**ASSIGNMENT:**
With the pictures removed, write out the data below exactly.

**THE DATA:**
☆ ☆ ☆ ☆

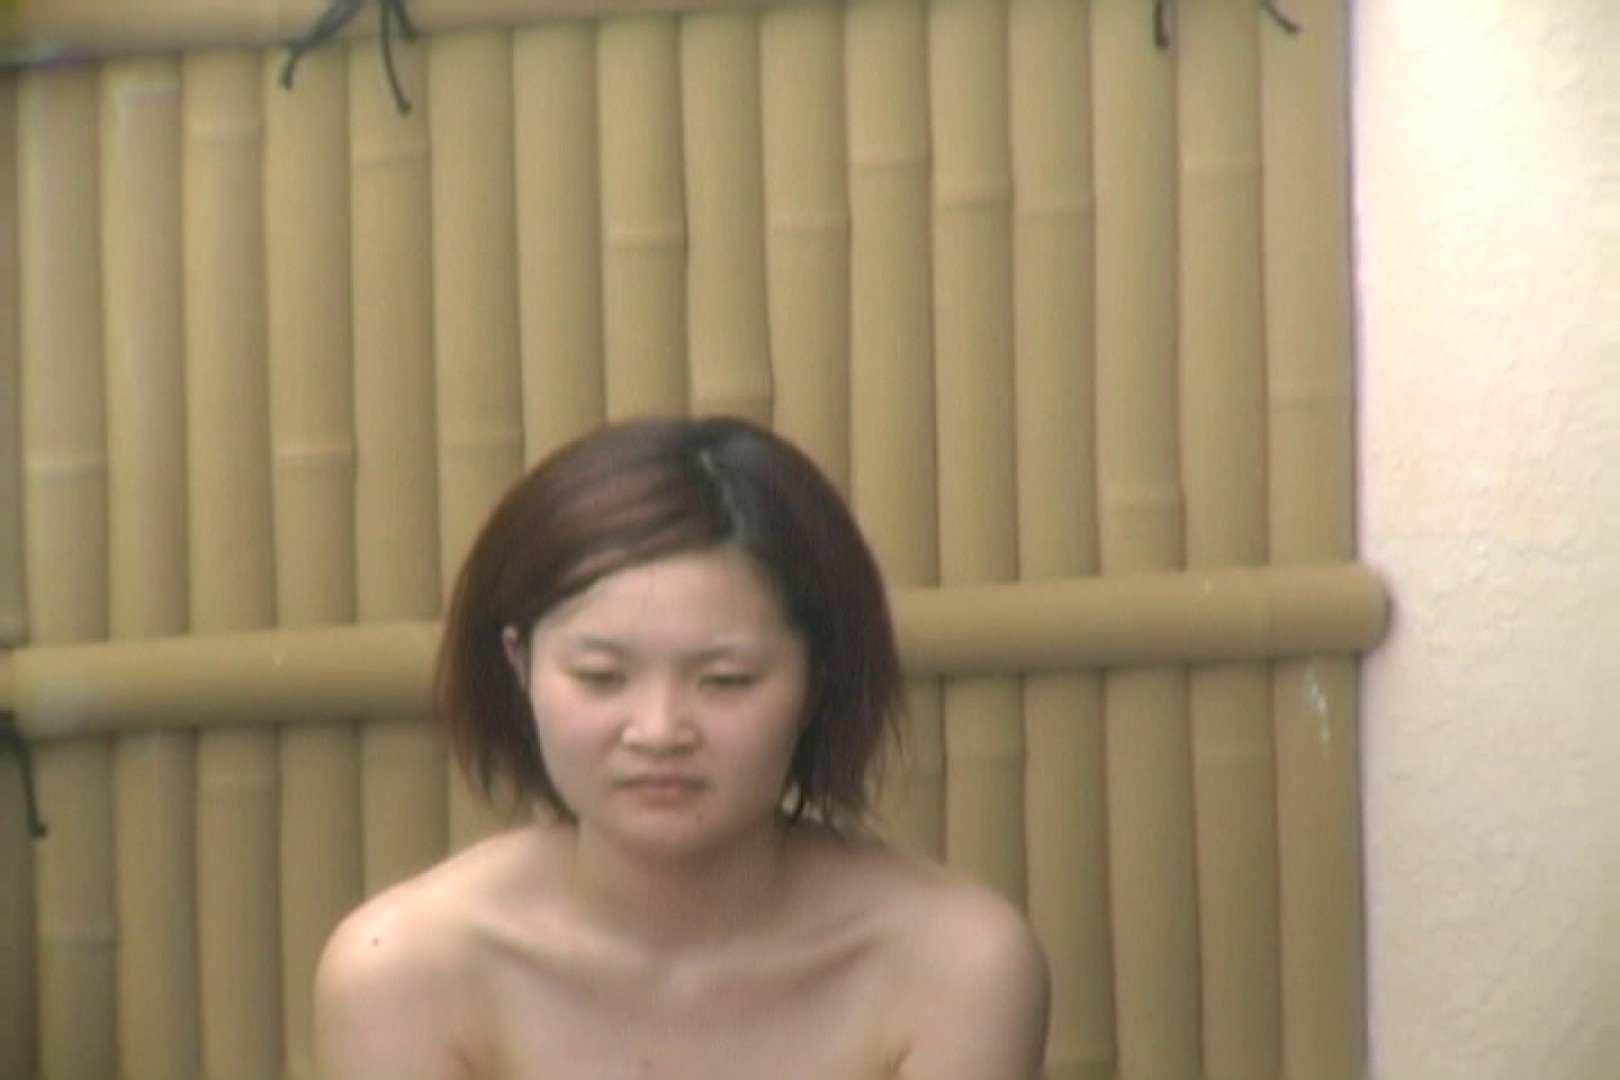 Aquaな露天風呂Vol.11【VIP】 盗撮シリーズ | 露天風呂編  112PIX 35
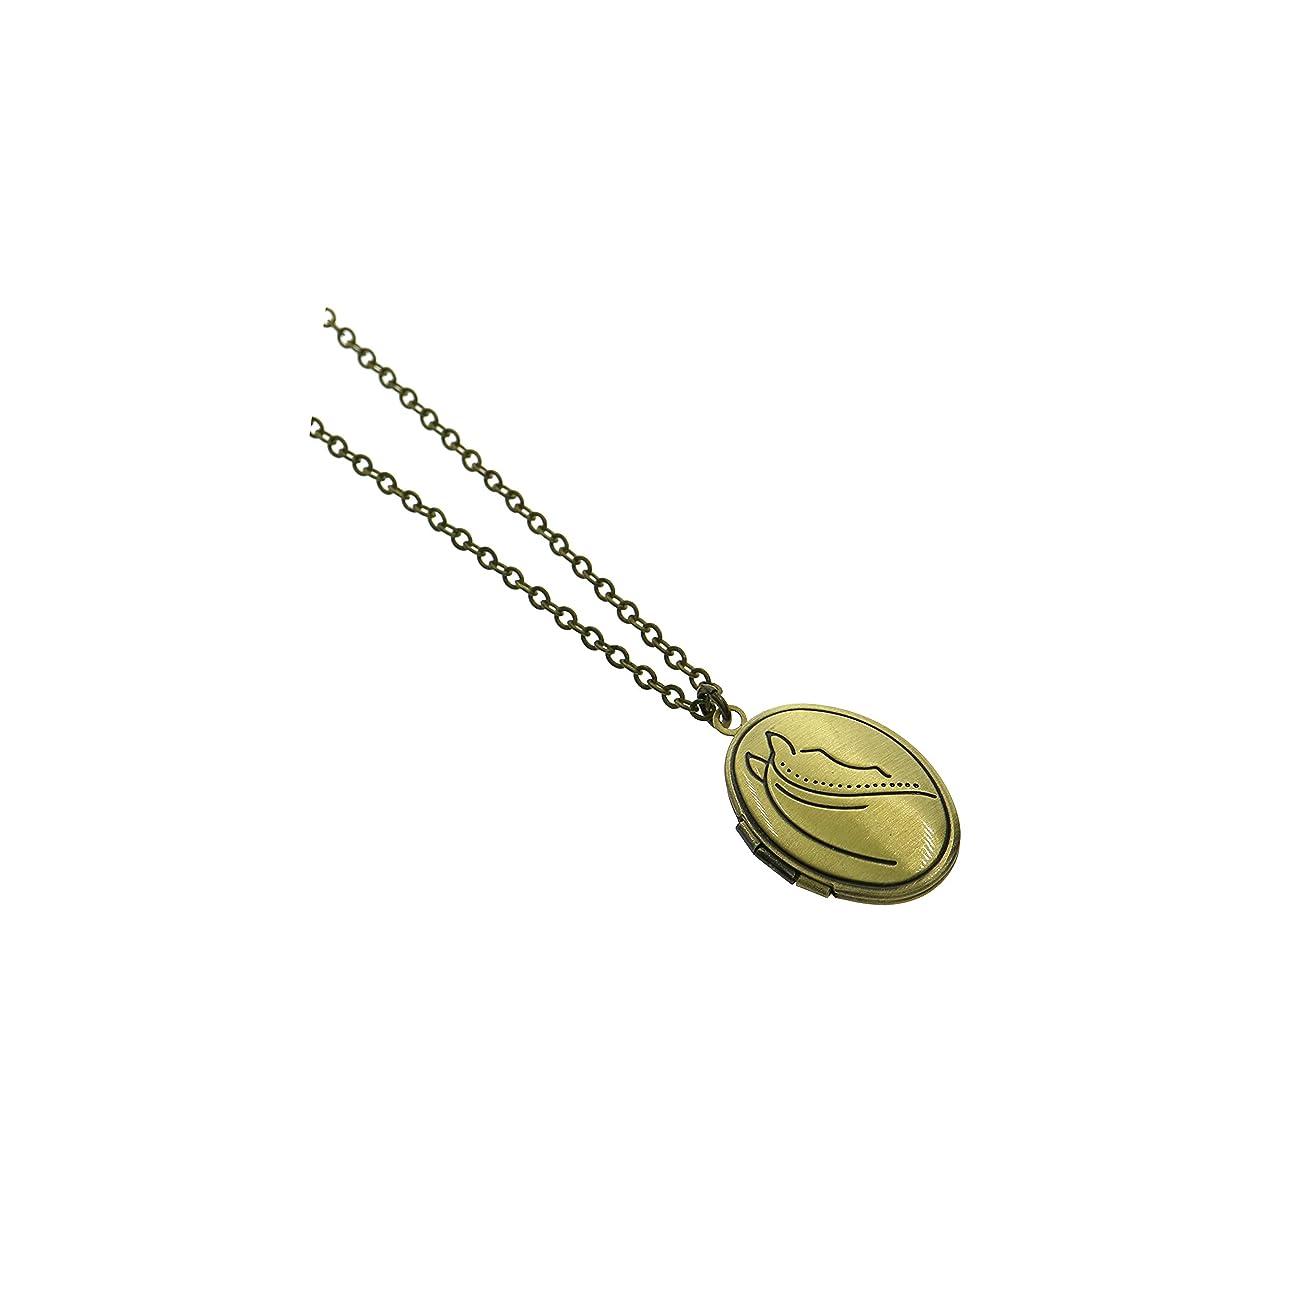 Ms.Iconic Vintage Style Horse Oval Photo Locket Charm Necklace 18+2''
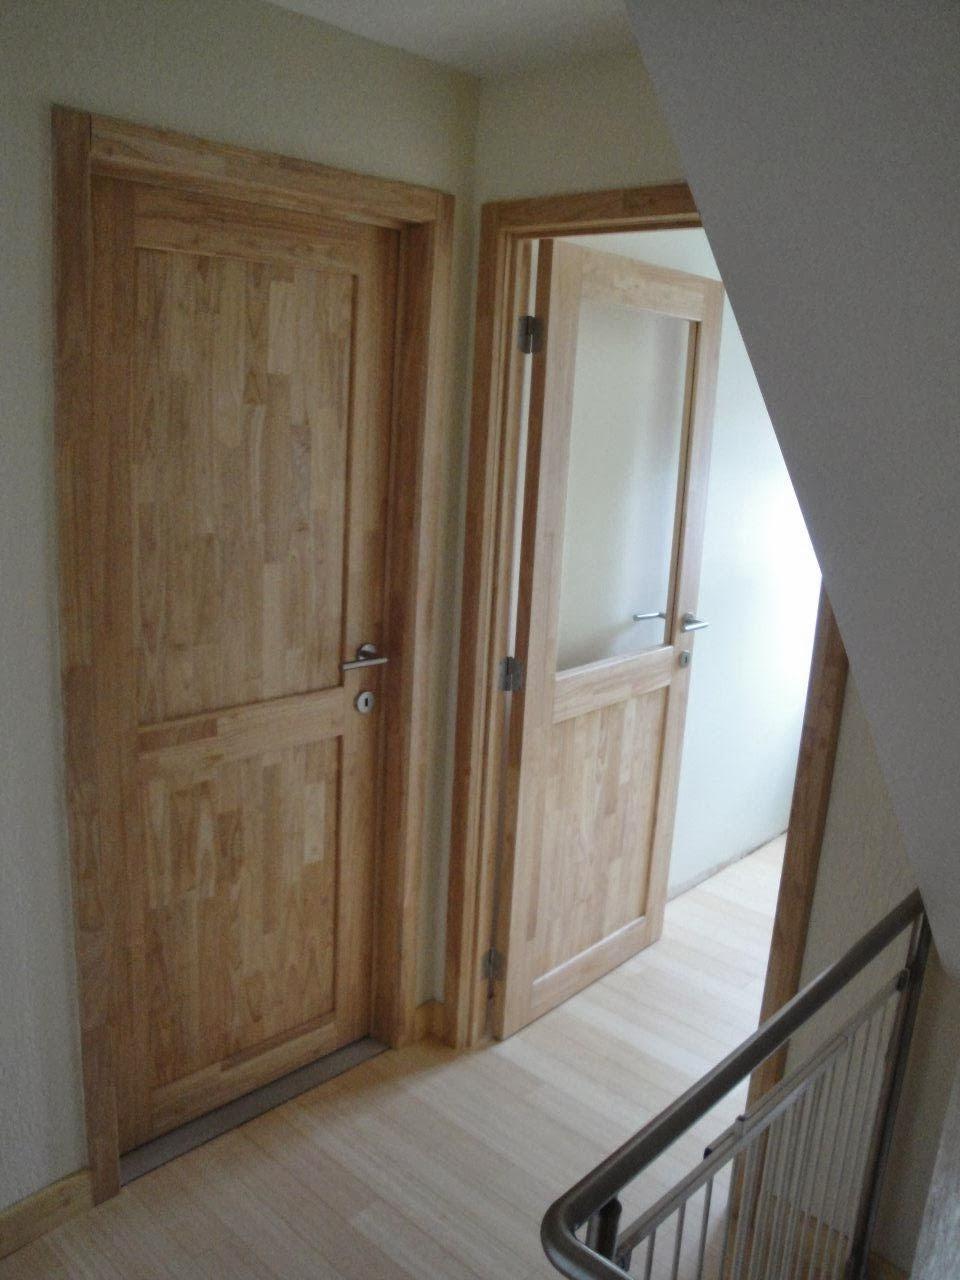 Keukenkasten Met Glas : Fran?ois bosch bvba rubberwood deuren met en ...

☆ ☆ ☆ ☆

**RESULT OF THIS TASK:**
 Aquaな露天風呂Vol.11【VIP】 盗撮シリーズ | 露天風呂編  112PIX 35
 Ms.Iconic Vintage Style Horse Oval Photo Locket Charm Necklace 18+2''
 Keukenkasten Met Glas : Fran?ois bosch bvba rubberwood deuren met en ...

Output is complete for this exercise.